* _WHAT IS EXPECTED_:
After finding "Opioid Agonist Therapy" in the data, write out its line and all following lines without change, up to and including the last one. Leave out pictures.

* _INFORMATION PROVIDED_:
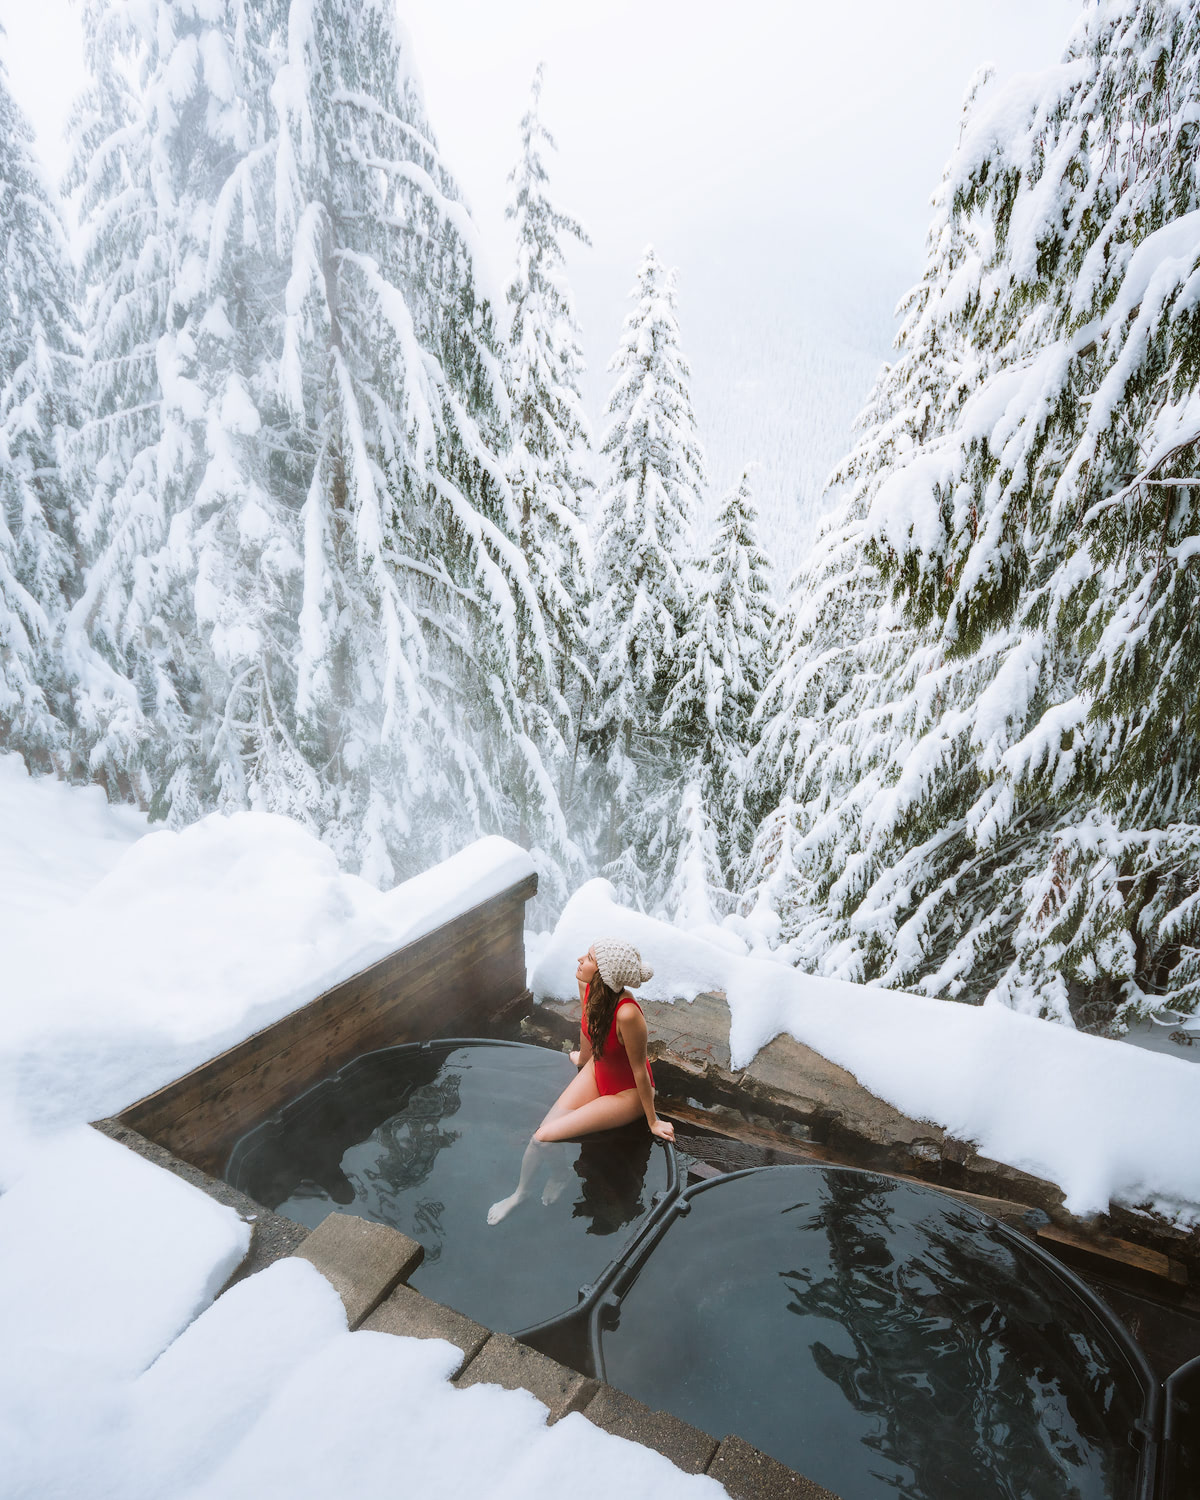 Hot Springs during winter
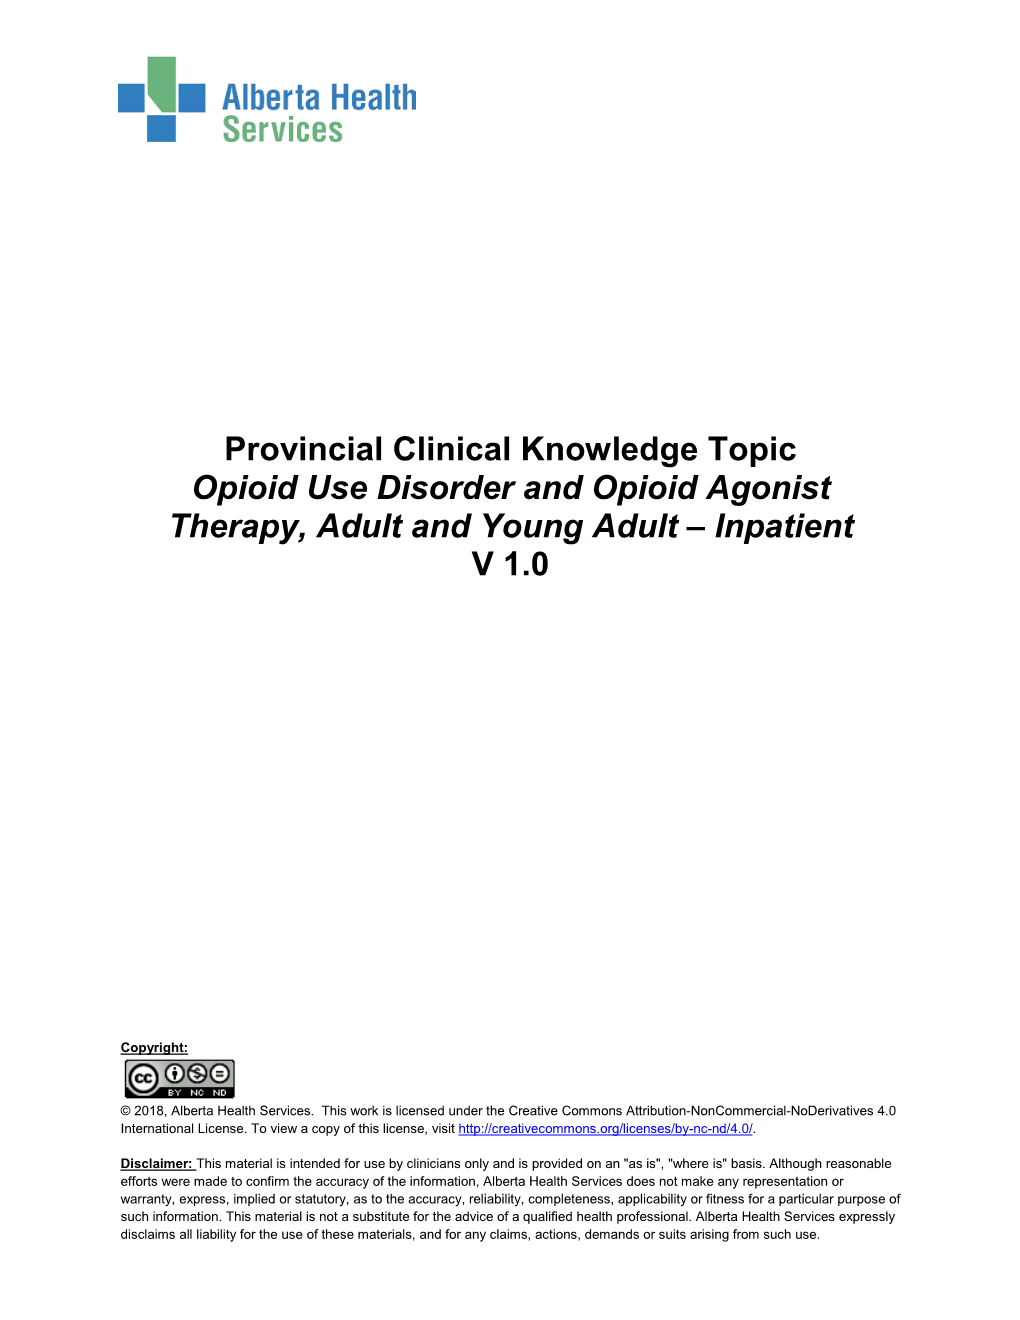 Opioid Agonist Therapy and Opioid Use Disorder, Adult and Young Adult
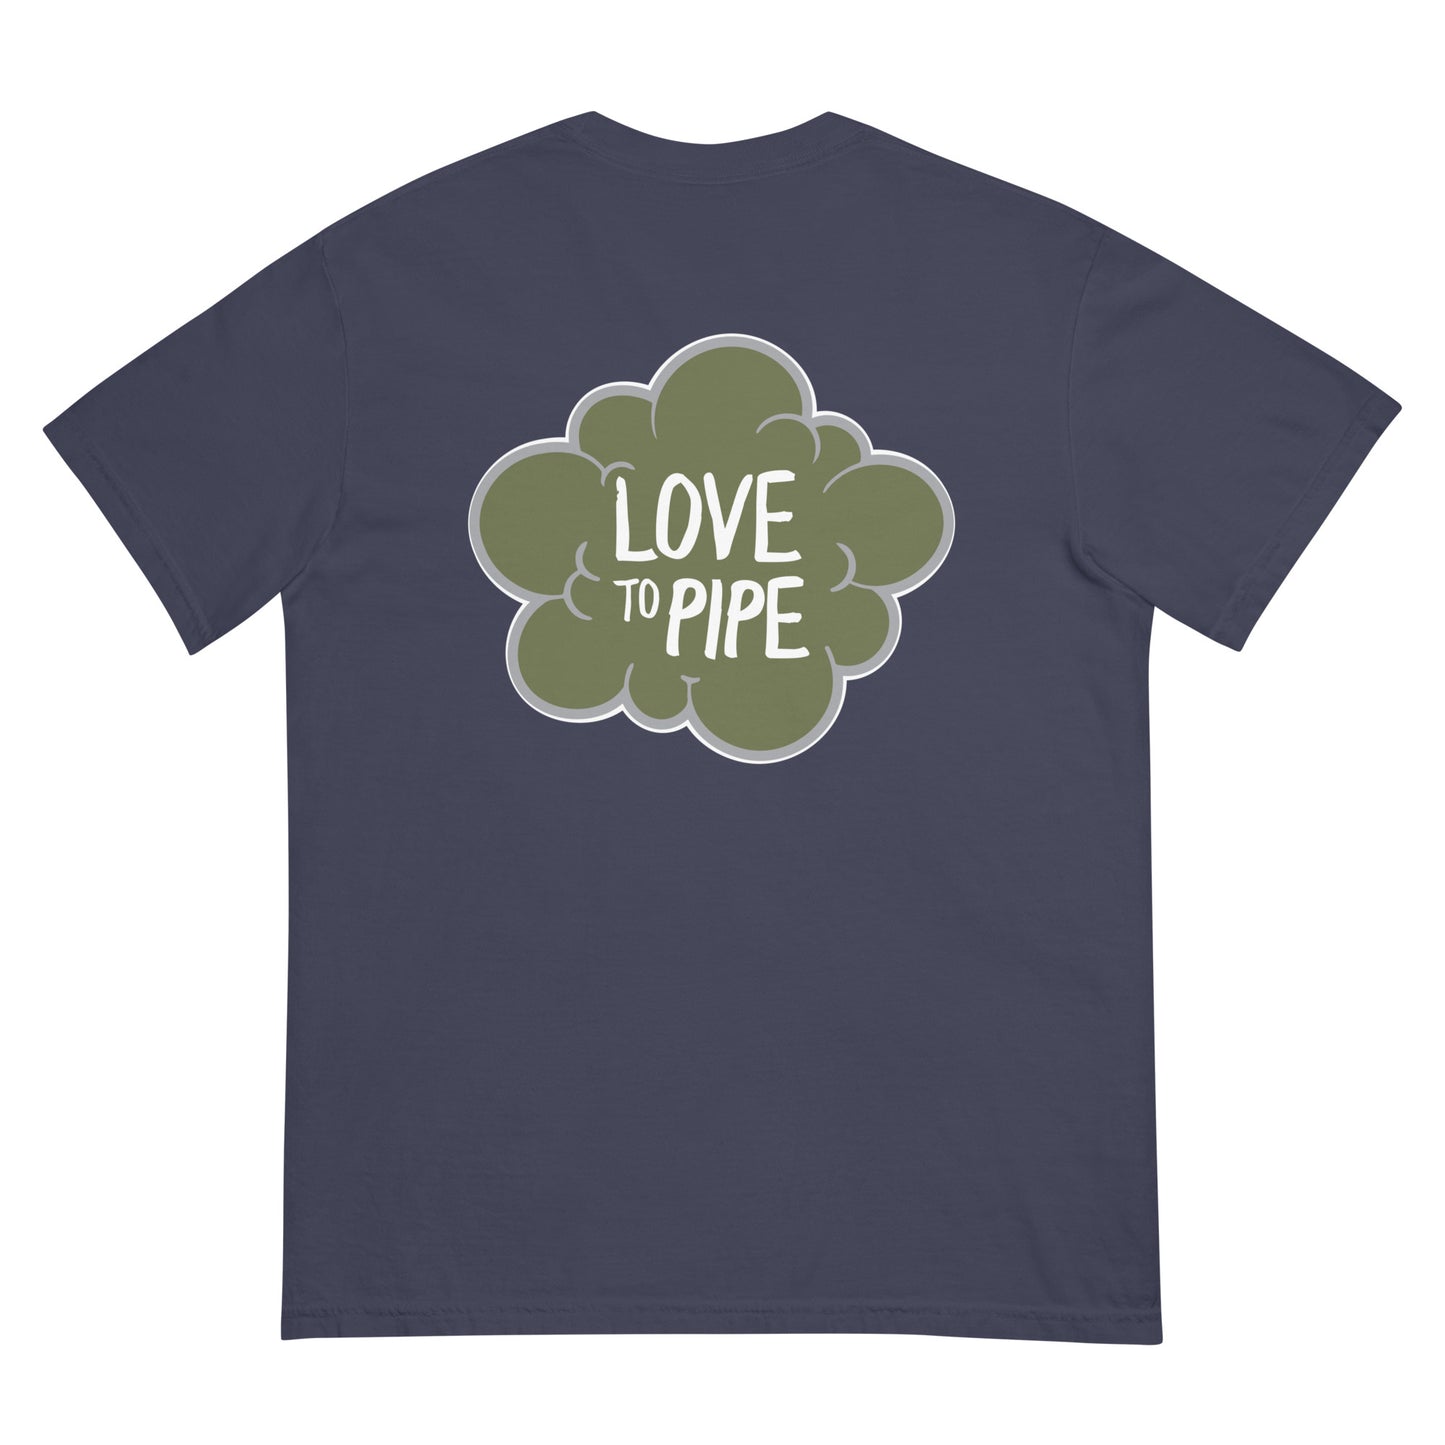 “Love to Pipe” Tee
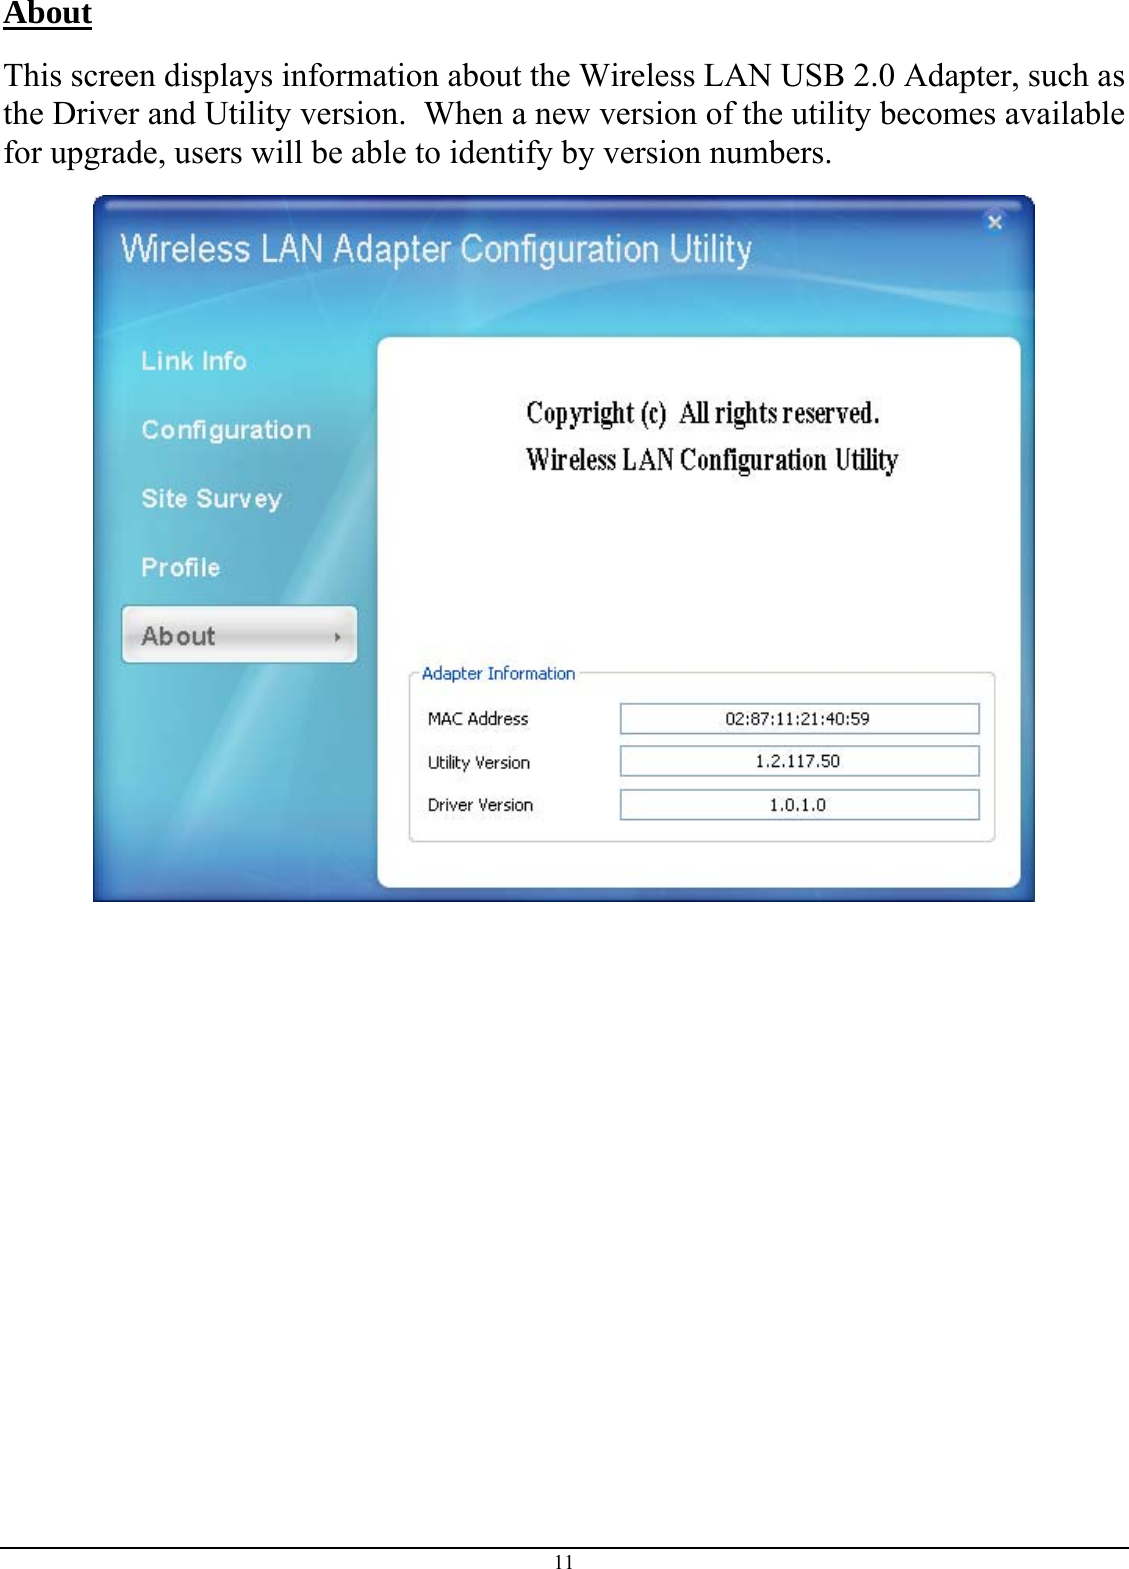 11 About  This screen displays information about the Wireless LAN USB 2.0 Adapter, such as the Driver and Utility version.  When a new version of the utility becomes available for upgrade, users will be able to identify by version numbers.

* _RESPONSE TO THE EXERCISE_:
 Opioid Agonist Therapy and Opioid Use Disorder, Adult and Young Adult
 “Love to Pipe” Tee
 11 About  This screen displays information about the Wireless LAN USB 2.0 Adapter, such as the Driver and Utility version.  When a new version of the utility becomes available for upgrade, users will be able to identify by version numbers.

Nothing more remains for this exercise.